For a more concrete example, suppose we have a 32 GB swapfile (i.e.
8,388,608 swap entries), and we use zswap.

0% usage, or 0 entries: 0.00 MB
* Old design total overhead: 25.00 MB
* Vswap total overhead: 0.00 MB

25% usage, or 2,097,152 entries:
* Old design total overhead: 57.00 MB
* Vswap total overhead: 48.25 MB

50% usage, or 4,194,304 entries:
* Old design total overhead: 89.00 MB
* Vswap total overhead: 96.50 MB

75% usage, or 6,291,456 entries:
* Old design total overhead: 121.00 MB
* Vswap total overhead: 144.75 MB

100% usage, or 8,388,608 entries:
* Old design total overhead: 153.00 MB
* Vswap total overhead: 193.00 MB

So even in the worst case scenario for virtual swap, i.e when we
somehow have an oracle to correctly size the swapfile for zswap
pool to 32 GB, the added overhead is only 40 MB, which is a mere
0.12% of the total swapfile :)

In practice, the overhead will be closer to the 50-75% usage case, as
systems tend to leave swap headroom for pathological events or sudden
spikes in memory requirements. The added overhead in these cases are
practically negligible. And in deployments where swapfiles for zswap
are previously sparsely used, switching over to virtual swap will
actually reduce memory overhead.

Doing the same math for the disk swap, which is the worst case for
virtual swap in terms of swap backends:

0% usage, or 0 entries: 0.00 MB
* Old design total overhead: 25.00 MB
* Vswap total overhead: 2.00 MB

25% usage, or 2,097,152 entries:
* Old design total overhead: 41.00 MB
* Vswap total overhead: 66.25 MB

50% usage, or 4,194,304 entries:
* Old design total overhead: 57.00 MB
* Vswap total overhead: 130.50 MB

75% usage, or 6,291,456 entries:
* Old design total overhead: 73.00 MB
* Vswap total overhead: 194.75 MB

100% usage, or 8,388,608 entries:
* Old design total overhead: 89.00 MB
* Vswap total overhead: 259.00 MB

The added overhead is 170MB, which is 0.5% of the total swapfile size,
again in the worst case when we have a sizing oracle.

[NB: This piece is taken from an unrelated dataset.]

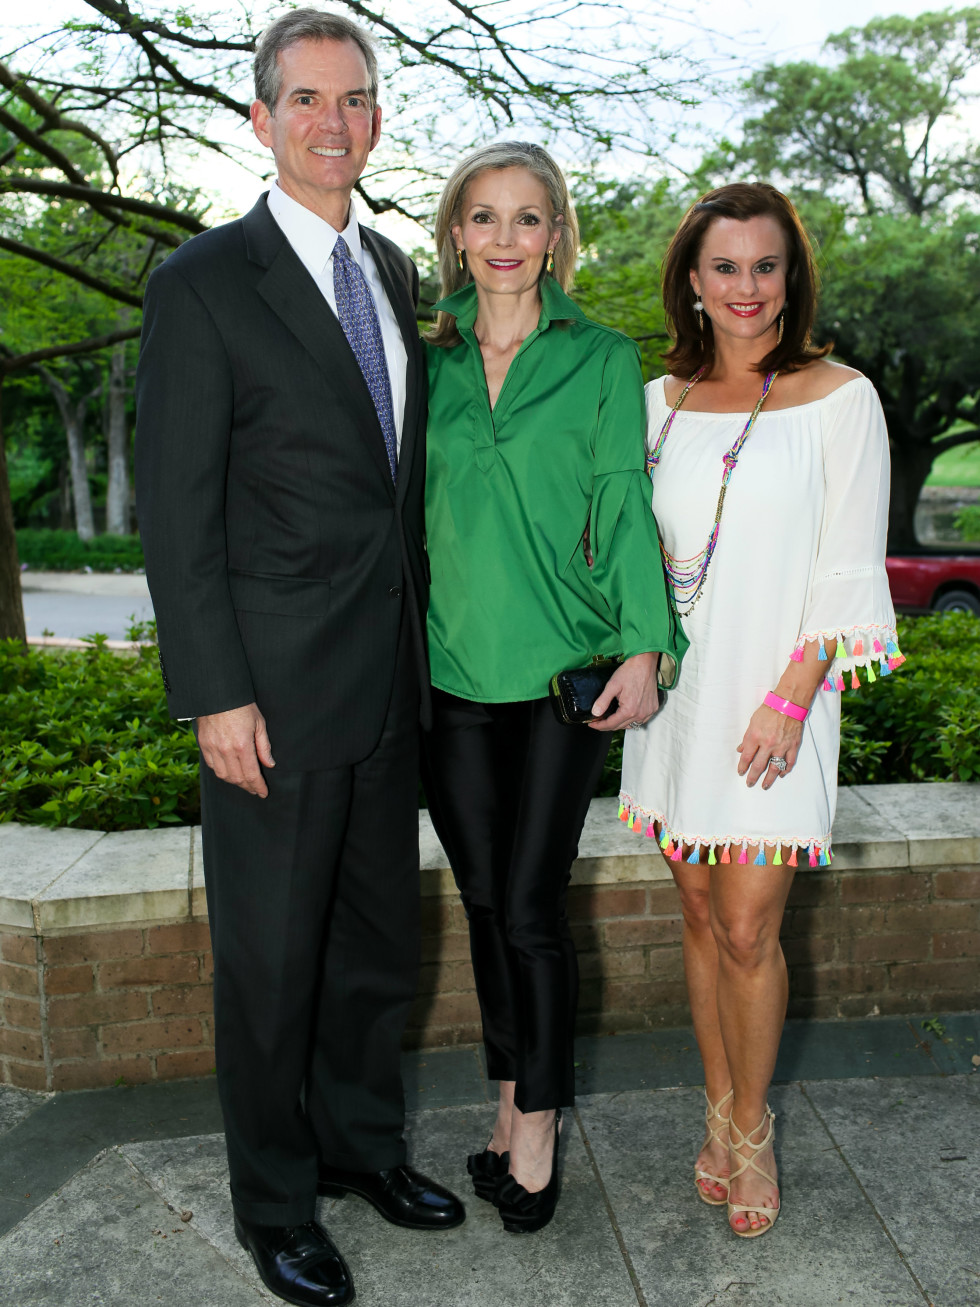 Key Coker, Katherine Coker, Kathy Fielder

Please see the attached patches for more implementation details.


III. Usage and Benchmarking

This patch series introduce no new syscalls or userspace API. Existing
userspace setups will work as-is, except we no longer have to create a
swapfile or set memory.swap.max if we want to use zswap, as zswap is no
longer tied to physical swap. The zswap pool will be automatically and
dynamically sized based on memory usage and reclaim dynamics.

All benchmarks below use MGLRU and zram as the swap backend. zram,
being a fast swapfile, represents the worst case for vswap in terms of
overhead (both memory- and CPU-wise). This is also as close as I can
get to the setup in which Kairui reported his regressions (see [18]),
as I do not have access to a PMEM swap device. This also means I have
to modify the parameters of these benchmarks a bit, as zram eats up
memory of the system too - I hope this is acceptable.

All values are reported as mean +/- standard deviation across rounds.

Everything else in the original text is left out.